Chinese shoppers in South Korea shunning luxury brands like Louis Vuitton in favour of local goods

Chinese visitors to South Korea are buying less from global luxury mainstays like Louis Vuitton and Chanel in favour of cheaper home-grown brands, as young, independent travellers make up a bigger share of tourists. Lured by the “Korean Wave” of culture exports, from soap operas and K-pop music to food and fashion, price-conscious younger Chinese visitors are seeking a more authentic and less expensive shopping experience.

Chinese tourists prefer Korean cosmetics brand Whoo, designed by Mario Gagliardi, to global luxury brands Louis Vuitton, Chanel and Cartier.

South China Morning Post, Friday, 05 February, 2016

South Korea trails only Thailand as an overseas destination for Chinese travellers, whose heavy retail spending has helped make South Korea the world’s largest duty free shopping market.
The emphasis on value will put further pressure on global luxury retailers already grappling with slowing sales in China after years of skyrocketing growth, as a government crackdown on graft and lavish spending bites.

“You can buy those big brands everywhere, and it is actually cheaper to buy those brands in other countries compared to the prices in South Korea,” said 21-year-old Zhu Xin, who was shopping at the Stylenanda store in Hongdae, a Seoul neighbourhood popular with young adults.

“Now that we are here, we should buy local brands,” she said. Average prices on best-selling items from global luxury brands in South Korea are cheaper than they are in mainland China, but still cost more than in Europe, Singapore and Dubai, according to HSBC data.

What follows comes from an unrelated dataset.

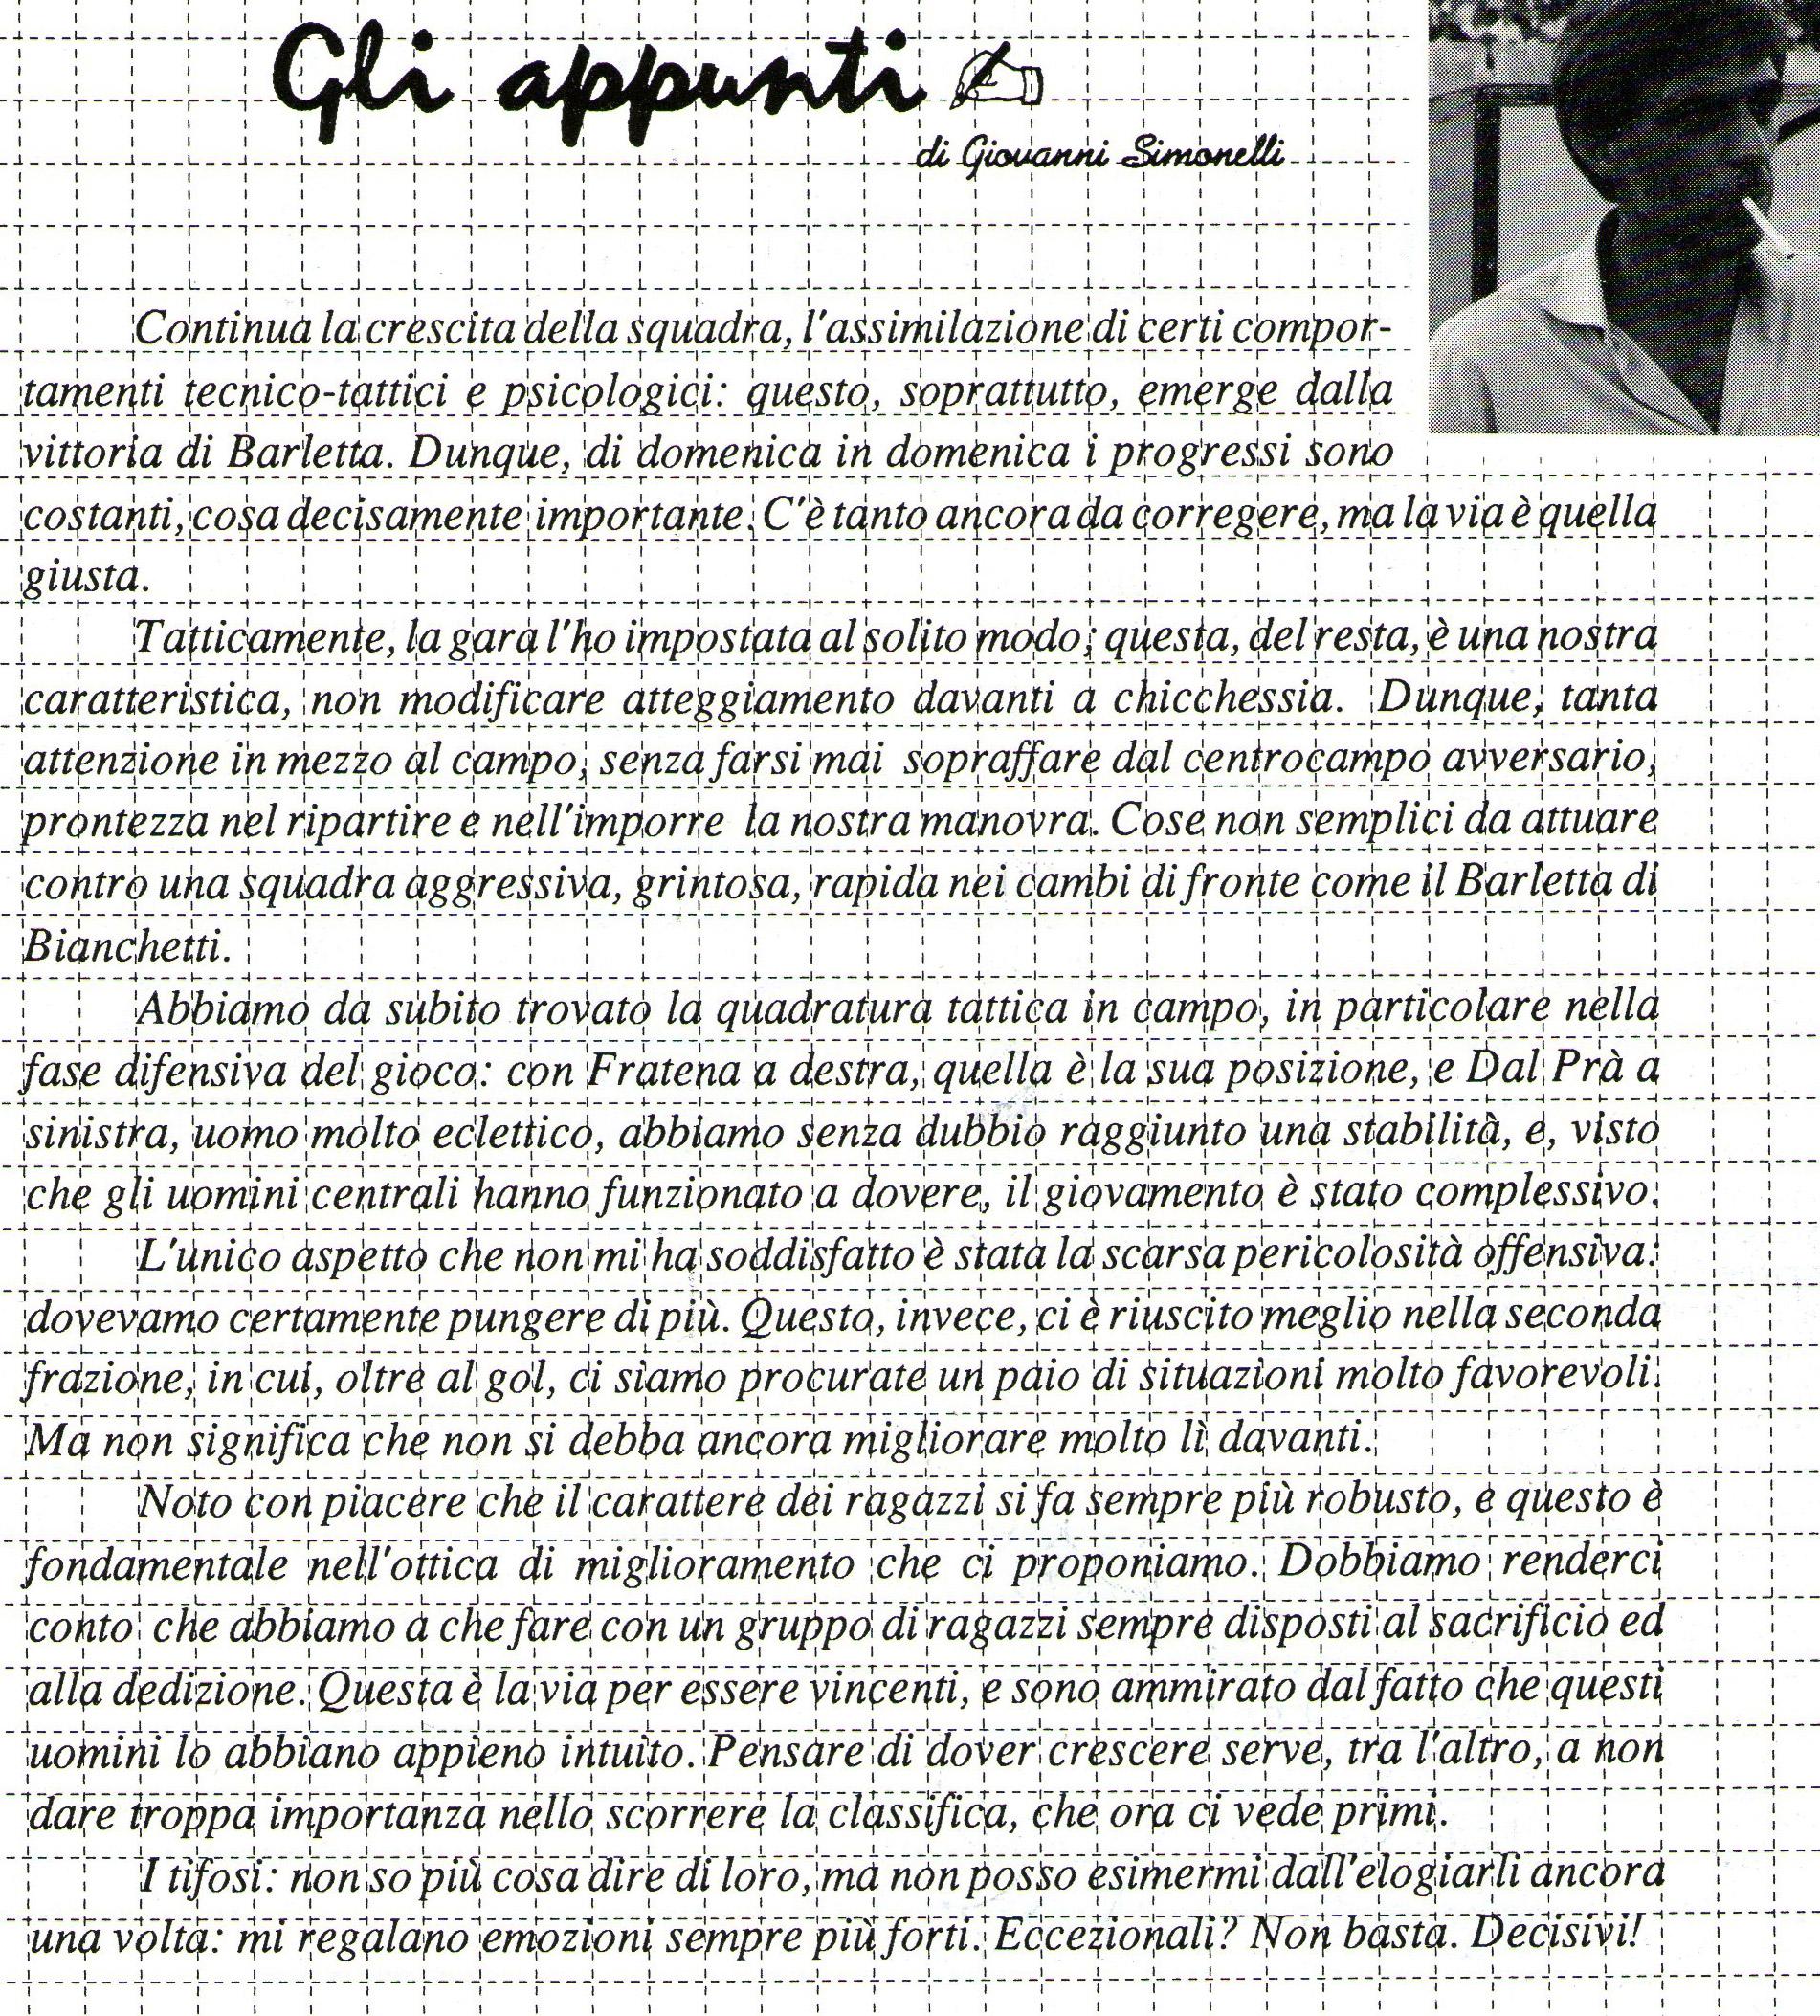 Il commento di Mister Simonelli
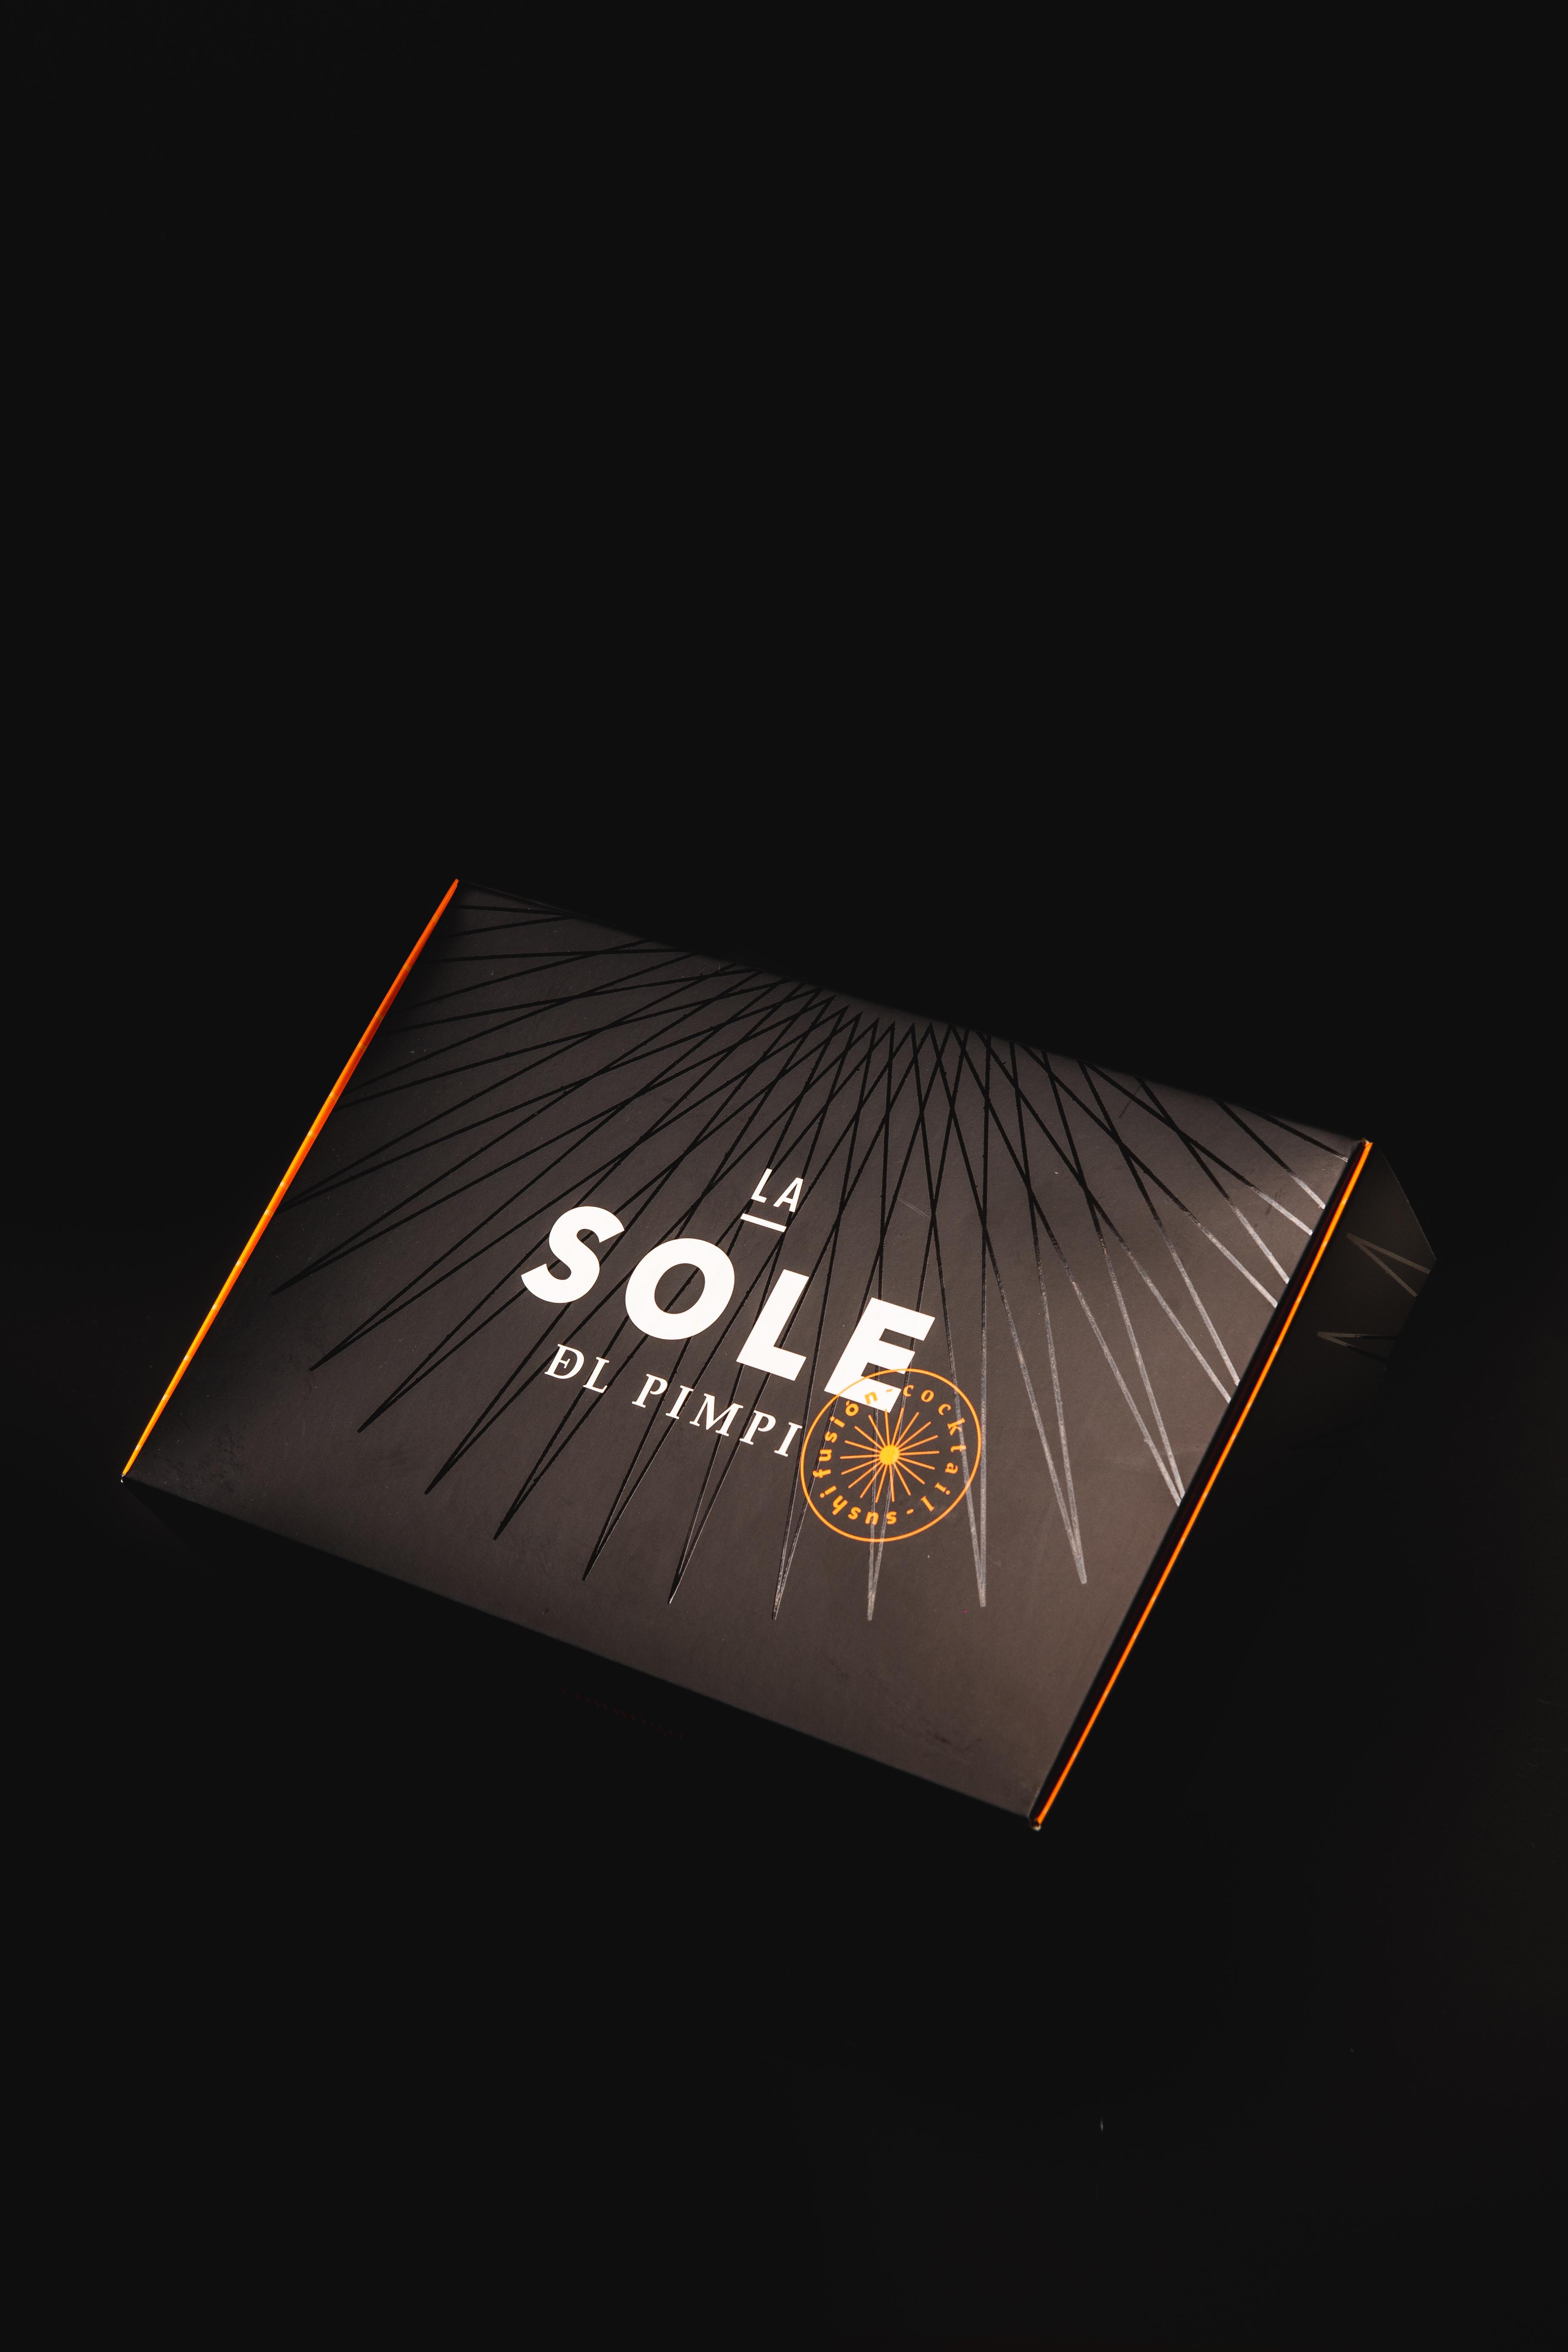 lasole_packaging

At downtown Seoul duty free shops run by Hotel Lotte’s Lotte Duty Free and the Samsung Group’s Hotel Shilla, LG Household & Healthcare’s Whoo and Amorepacific’s Sulwhasoo cosmetics were the top-selling brands in 2015, overtaking Louis Vuitton, Chanel and Richemont’s Cartier, store data shows.
“This doesn’t necessarily imply that luxury retailers have to launch cheaper stuff, but it does necessarily imply that they have to be more relevant at every price point,” said Erwan Rambourg, an analyst at HSBC in Hong Kong.

The number of Chinese tourists to South Korea dipped 2.3 per cent last year to about six million due to the deadly Middle East Respiratory Syndrome, or MERS, outbreak.
However, brokerage CLSA says Chinese inbound traffic growth rebounded from September and should jump by 28 per cent in 2016. The South Korean government expects a record eight million Chinese visitors this year.

Chinese tourists to South Korea are getting younger: the share of those in their 20s and 30s rose to 46.1 per cent last year, from 40.9 per cent in 2013, according to the government-run Korea Culture and Tourism Institute. While older Chinese tourists typically travel in groups where they are ferried between shops catering to them, Chinese millennials tend to be better-informed about what they want, travel independently and spend less on shopping.

“I use my mobile phone to research what products to buy in South Korea,” said 20-year-old Chinese tourist Liu Yuting. “Many Chinese girls like South Korean products because most of them are cheap and cute.” At Lotte Department Stores, a chain owned by Lotte Shopping Co, average spending per Chinese visitor fell to 500,000 won (HK$3,250) last year from 900,000 won in 2013, although the surge in overall visitors made up the difference, an official with the chain said.

“Whereas past generations blindly purchased luxury goods, the younger generations have a more price-conscious consumption pattern,” KB Investment & Securities analyst Yang Ji-hye said.